Дополнительные косточки. Дополнительные косточки также можно спутать с отрывными переломами. Os vesalianum встречается довольно редко и может быть обнаружен рядом с местом прикрепления малоберцовой мышцы.Чаще всего os peroneum может располагаться на боковой границе кубовидной кости в пределах сухожилия короткой малоберцовой мышцы. Каждую косточку можно отличить рентгенологически по ее гладкой поверхности; Напротив, отрывные переломы имеют «зубчатые» края. Симптоматические дополнительные косточки можно окончательно лечить хирургическим удалением.

ЛЕЧЕНИЕ

Лечение отрывных переломов бугристости без смещения является консервативным. Варианты включают эластичную обертку, шины для лодыжек и низкопрофильные прогулочные ботинки или гипсы.Допускается допустимая нагрузка. Лечение следует продолжать до тех пор, пока симптомы не исчезнут - обычно в течение трех-шести недель.7–9 Простые снимки, свидетельствующие о сращении, широко варьируются, но обычно проявляются в течение восьми недель.1 В редких случаях перелом может зажить бессимптомным фиброзным сращением.
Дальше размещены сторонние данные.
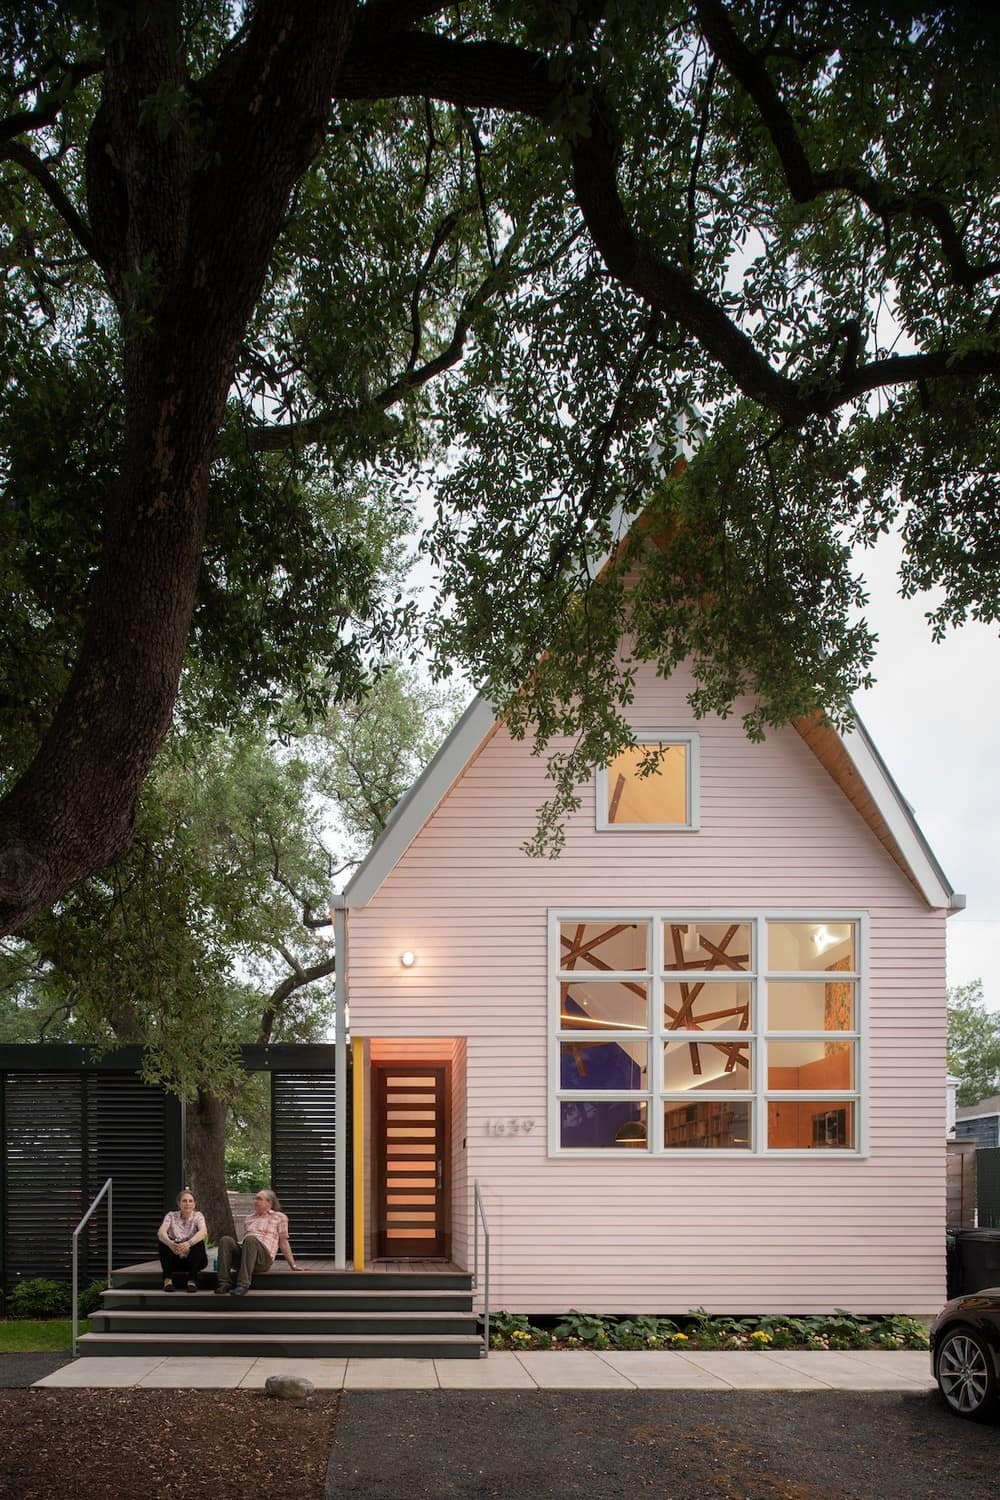 The Pink House / Brett Zamore Design

ПОКАЗАНИЯ К ОРТОПЕДИЧЕСКОМУ ОБРАЩЕНИЮ

При переломах бугорка со смещением лучше всего применяется открытая репозиция и внутренняя фиксация или закрытая репозиция и штифт. Оскольчатые переломы и отрывные переломы, затрагивающие более 30 процентов поверхности кубо-плюсневого сустава, также должны рассматриваться для направления к ортопеду5 (Рисунок 4).
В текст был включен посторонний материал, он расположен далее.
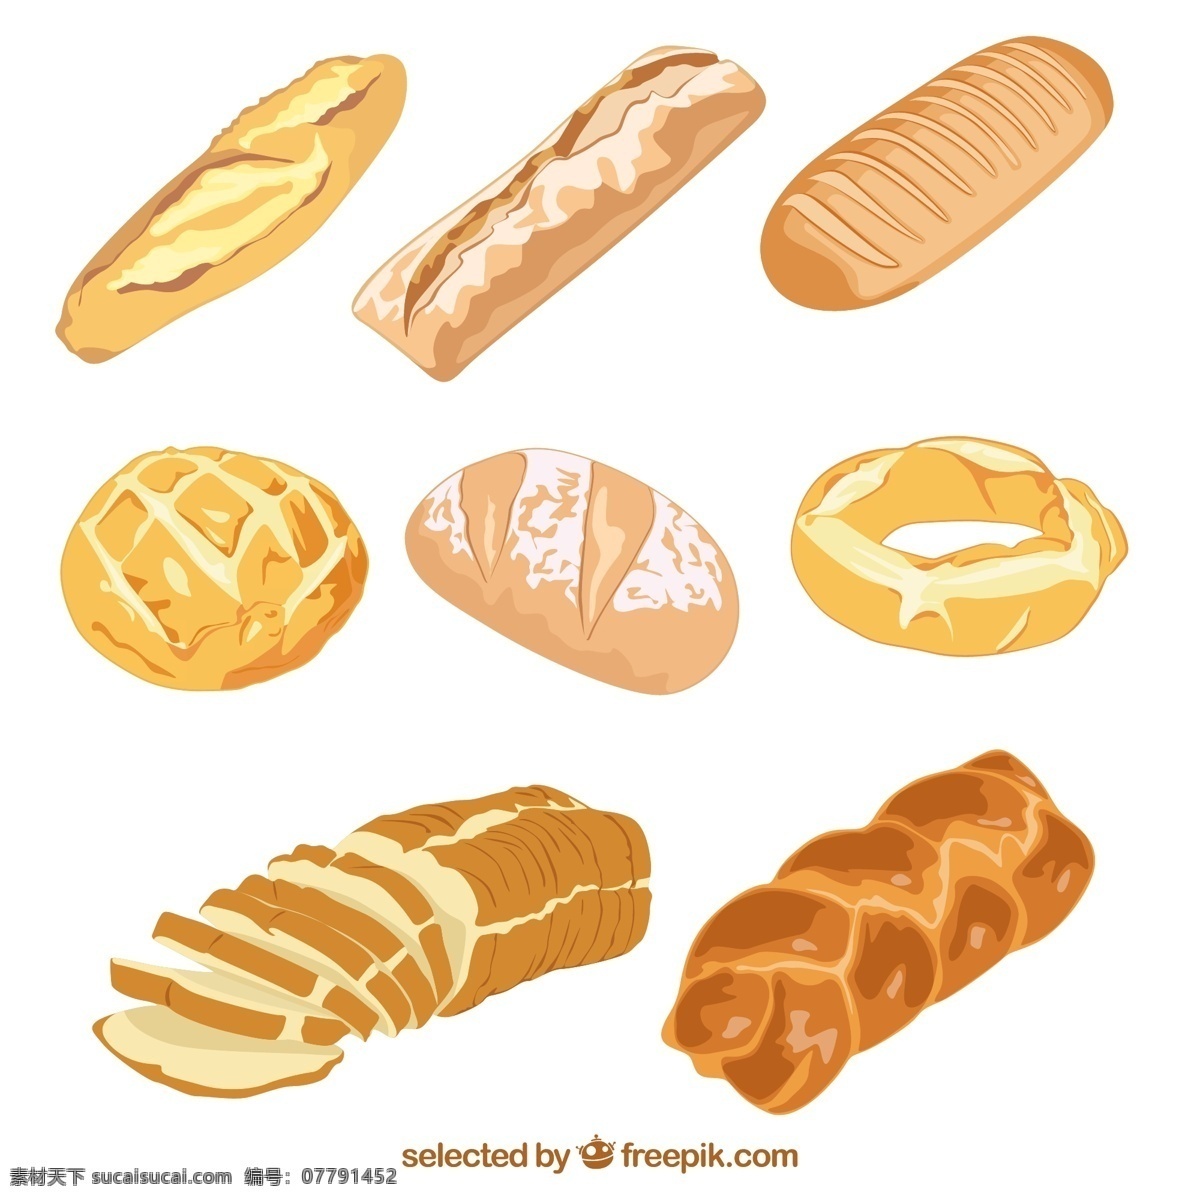 美味面包矢量 菠萝包 吐司 面包 烘培 食物 切片面包 矢量图 ai格式 图标 标签 生活百科 餐饮美食

Просмотреть / распечатать Рисунок

РИСУНОК 4.

Отрывной перелом бугорка с внутрисуставным поражением. Этот пример включает более 30 процентов кубо-плюсневого сустава со смещением. Эти характеристики помогают определить показания к хирургической консультации.


РИСУНОК 4.

Отрывной перелом бугристости с внутрисуставным поражением. Этот пример включает более 30 процентов кубо-плюсневого сустава со смещением.Эти характеристики помогают определить показания к хирургической консультации.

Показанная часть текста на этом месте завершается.